* DATA EXCERPT
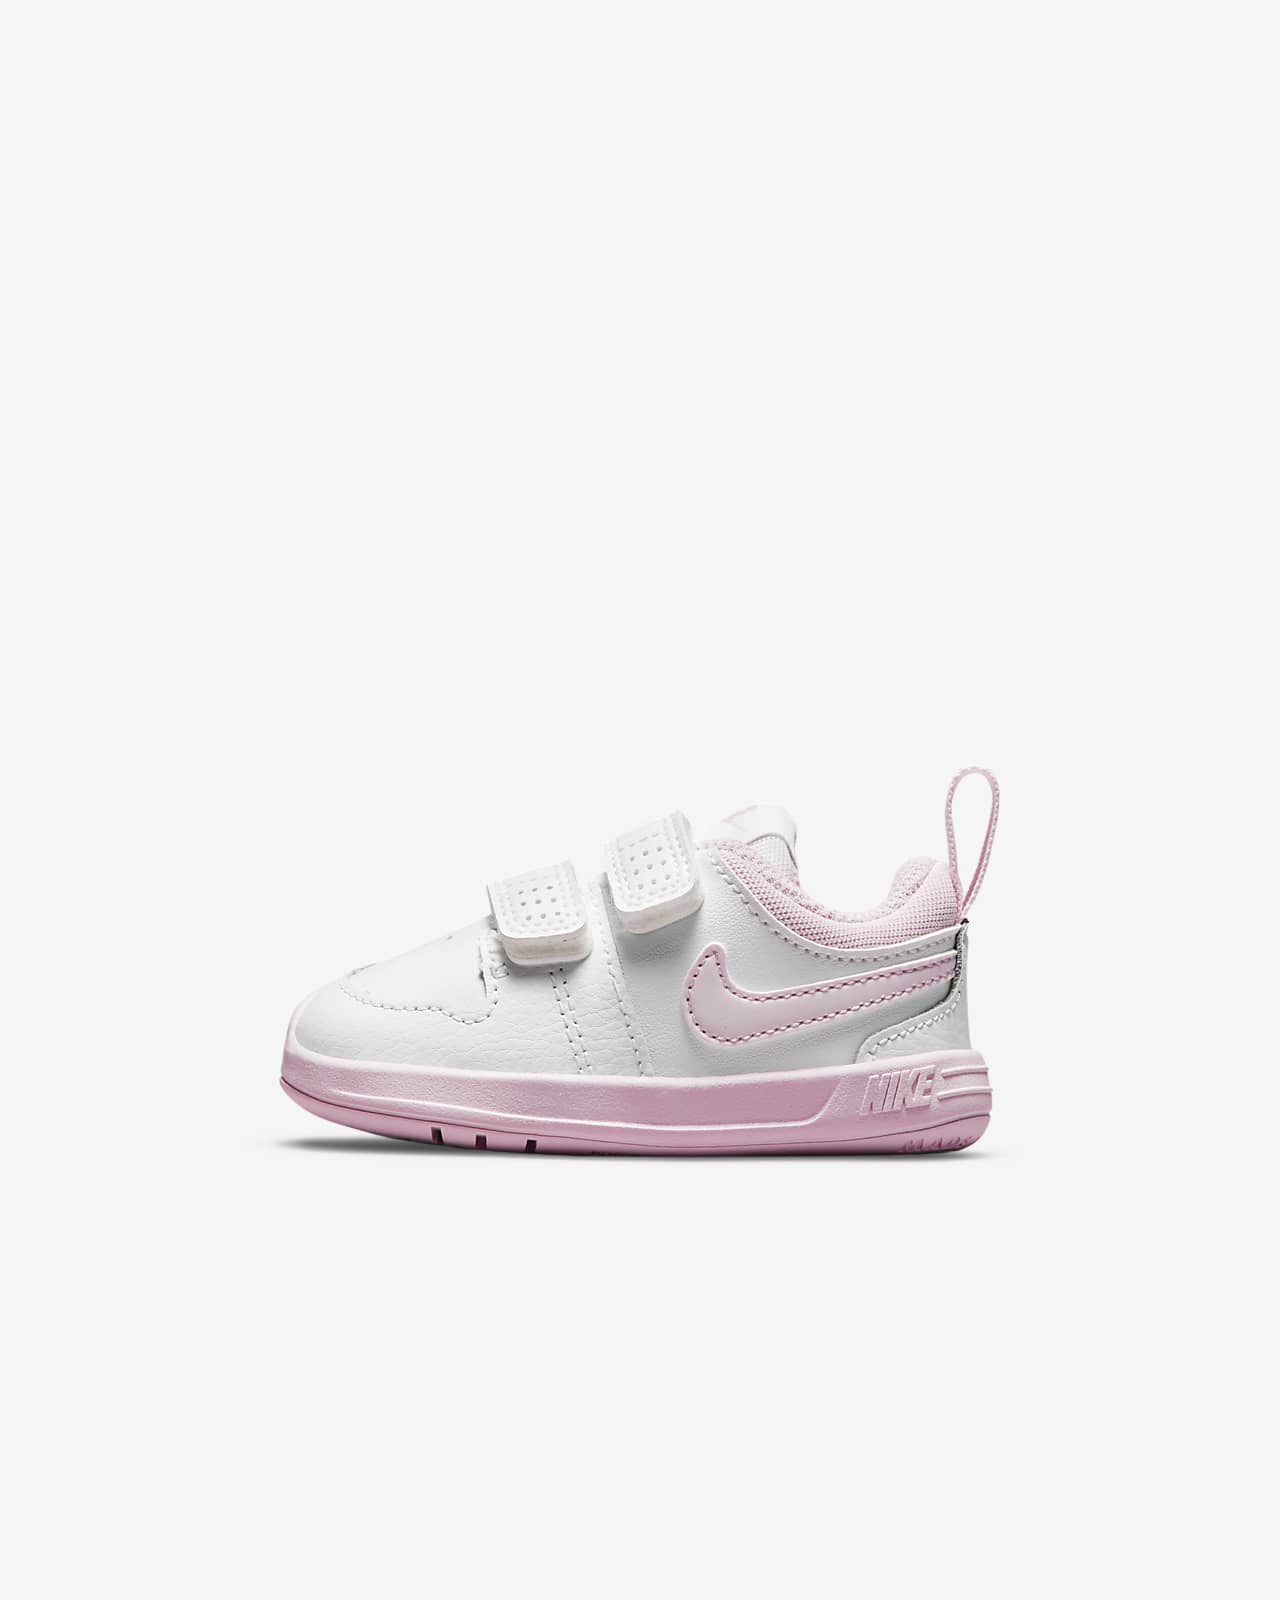 Nike Pico 5 Infant/Toddler Shoes
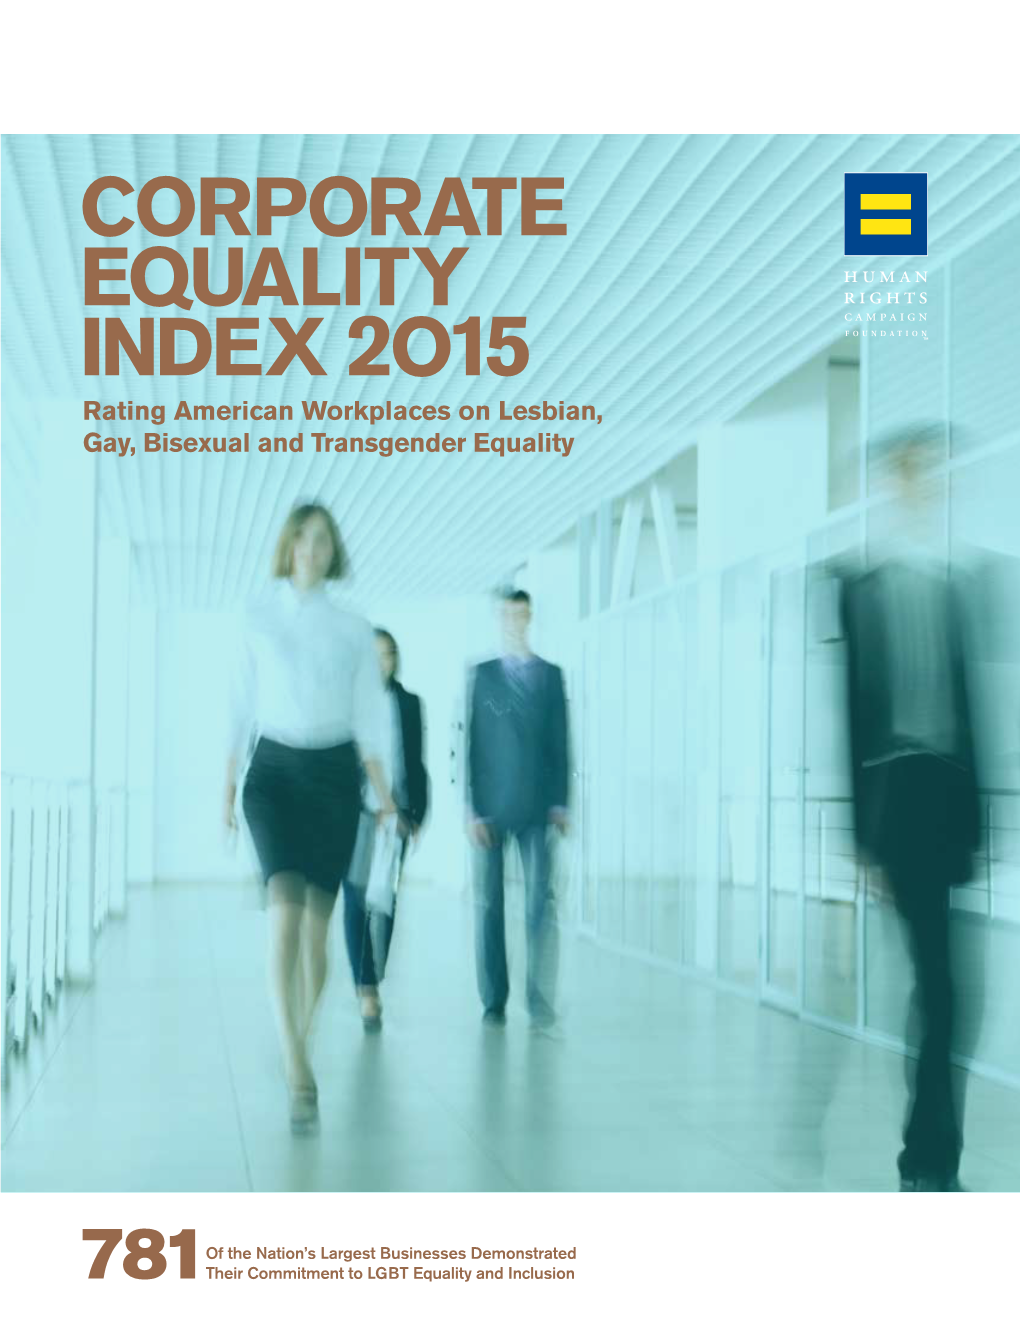 CORPORATE EQUALITY INDEX 2O15 Rating American Workplaces on Lesbian, Gay, Bisexual and Transgender Equality
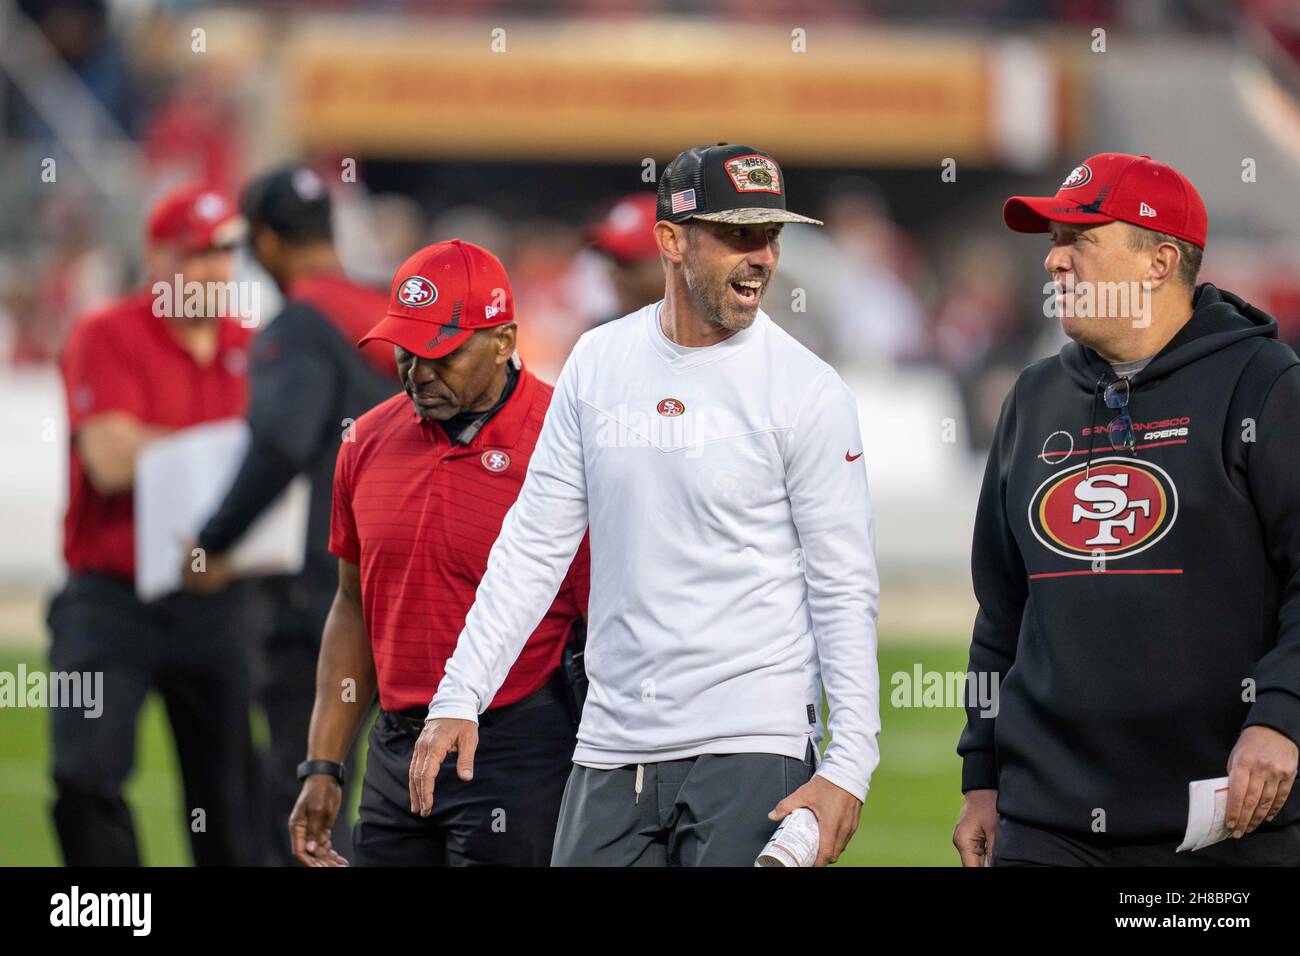 San Francisco 49ers head coach Kyle Shanahan celebrates walking off the field after the end of the game against the Minnesota Vikings in San Francisco Stock Photo

* ASSIGNMENT
Beginning with the line that includes "CORPORATE EQUALITY INDEX" and ending with the last line of the material, reproduce those lines exactly and nothing else, with no pictures.

* ANSWER SPACE
 CORPORATE EQUALITY INDEX 2O15 Rating American Workplaces on Lesbian, Gay, Bisexual and Transgender Equality
 San Francisco 49ers head coach Kyle Shanahan celebrates walking off the field after the end of the game against the Minnesota Vikings in San Francisco Stock Photo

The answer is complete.